Nothing escapes God’s notice; nothing oversteps the boundaries of His power. God is authoritative in all things. If I thought even for one moment that a single molecule were running loose in the universe outside the control and domain of almighty God, I wouldn’t sleep tonight. My confidence in the future rests in my confidence in the God who controls history. But how does God exercise that control and manifest that authority? How does God bring to pass the things He sovereignly decrees?
Augustine said that nothing happens in this universe apart from the will of God and that, in a certain sense, God ordains everything that happens. Augustine was not attempting to absolve men of responsibility for their actions, but his teaching raises a question: If God is sovereign over the actions and intents of men, why pray at all? A secondary concern revolves around the question, “Does prayer really change anything?” Let me answer the first question by stating that the sovereign God commands by His holy Word that we pray. Prayer is not optional for the Christian; it is required.
We might ask, “What if it doesn’t do anything?” That is not the issue. Regardless of whether prayer does any good, if God commands us to pray, we must pray. It is reason enough that the Lord God of the universe, the Creator and Sustainer of all things, commands it. Yet He not only commands us to pray, but also invites us to make our requests known. James says that we have not because we ask not (James 4:2). He also tells us that the prayer of a righteous man accomplishes much (James 5:16). Time and again the Bible says that prayer is an effective tool. It is useful; it works.
John Calvin, in the Institutes of the Christian Religion, makes some profound observations regarding prayer:
But, someone will say, does God not know, even without being reminded, both in what respect we are troubled and what is expedient for us, so that it may seem in a sense superfluous that “he should be stirred up by our prayers—as if he were drowsily blinking or even sleeping until he is aroused by our voice? But they who thus reason do not observe to what end the Lord instructed his people to pray, for he ordained it not so much for his own sake as for ours. Now he wills—as is right—that his due be rendered to him, in the recognition that everything men desire and account conducive to their own profit comes from him, and in the attestation of this by prayers. But the profit of this sacrifice also, by which he is worshiped, returns to us. Accordingly, the holy fathers, the more confidently they extolled God’s benefits among themselves and others, were the more keenly aroused to pray . . .
Still it is very important for us to call upon him: First, that our hearts may be fired with a zealous and burning desire ever to seek, love, and serve him, while we become accustomed in every need to flee to him as to a sacred anchor. Secondly, that there may enter our hearts no desire and no “wish at all of which we should be ashamed to make him a witness, while we learn to set all our wishes before his eyes, and even to pour out our whole hearts.
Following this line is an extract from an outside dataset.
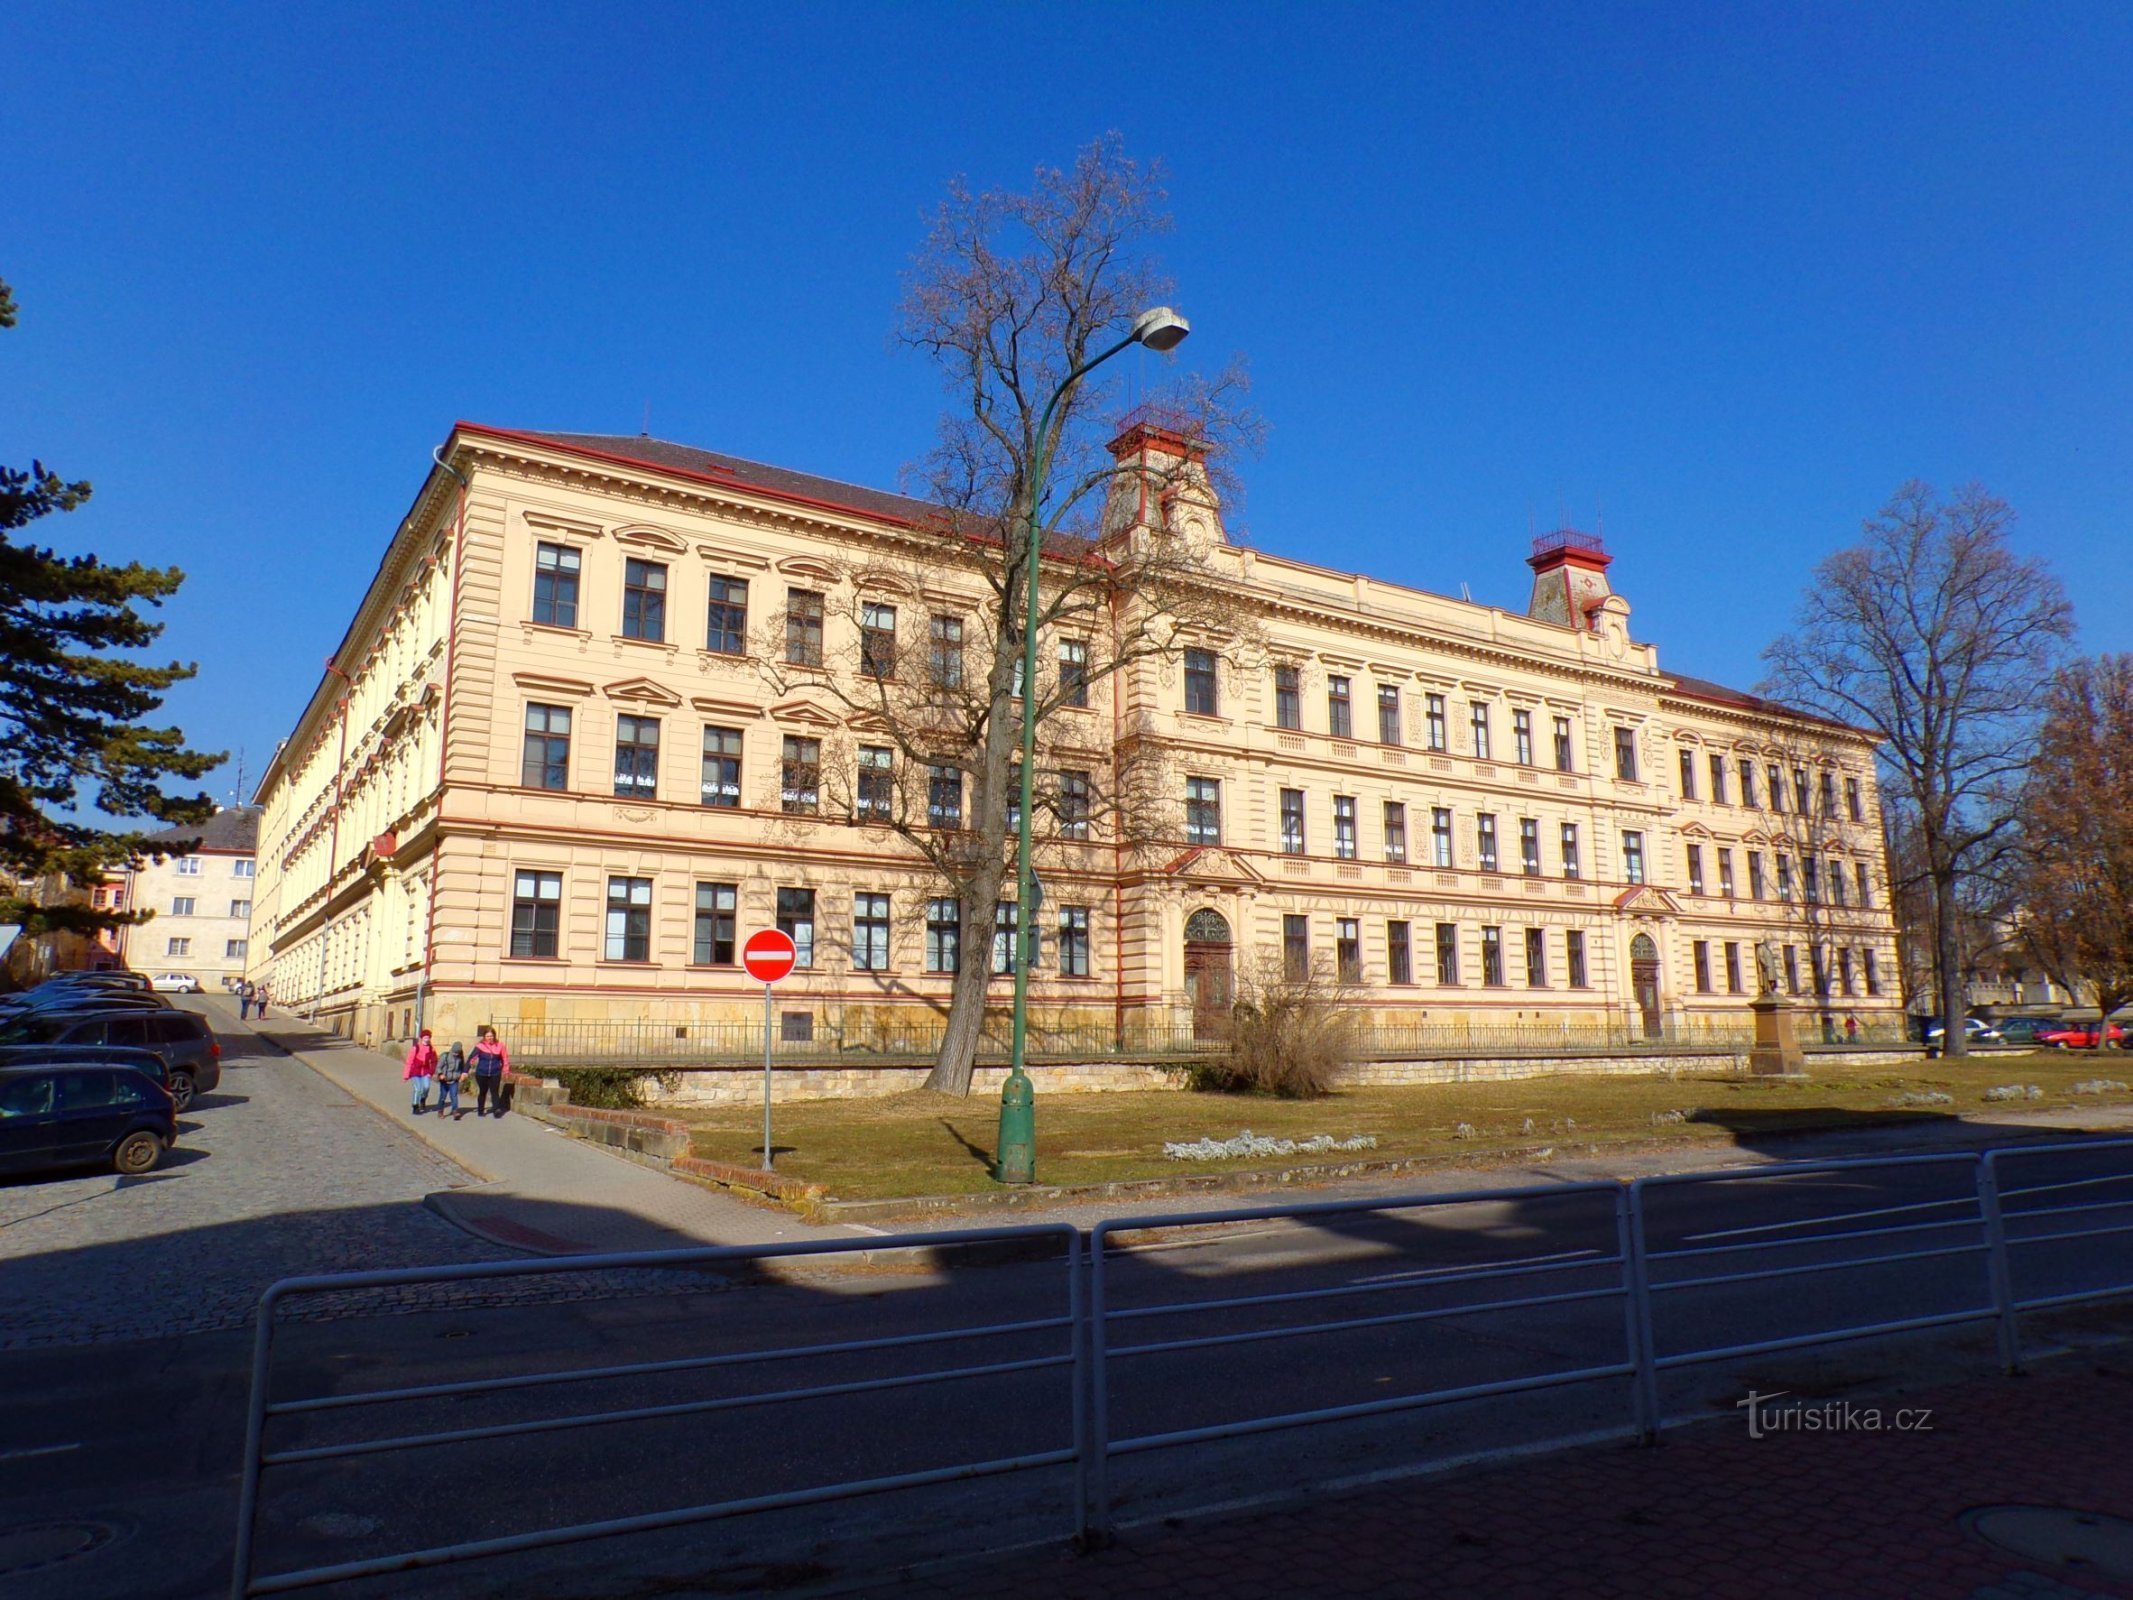 Το κτίριο του 1ου δημοτικού σχολείου με το μνημείο Jan Amos Comenius σε πρώτο πλάνο (Jičín, 3.3.2022/XNUMX/XNUMX)

Thirdly, that we be prepared to receive his benefits with true gratitude of heart and thanksgiving, benefits that our prayer reminds us come from his hand. (Calvin, Institutes of the Christian Religion, trans. Ford Lewis Battles, ed. John T. McNeill [Louisville: Westminster John Knox, 1960], Book 3, chapter 20, section 3.)
Prayer, like everything else in the Christian life, is for God’s glory and for our benefit, in that order. Everything that God does, everything that God allows and ordains, is in the supreme sense for His glory. It is also true that while God seeks His own glory supremely, man benefits when God is glorified. We pray to glorify God, but we also pray in order to receive the benefits of prayer from His hand. Prayer is for our benefit, even in light of the fact that God knows the end from the beginning. It is our privilege to bring the whole of our finite existence into the glory of His infinite presence.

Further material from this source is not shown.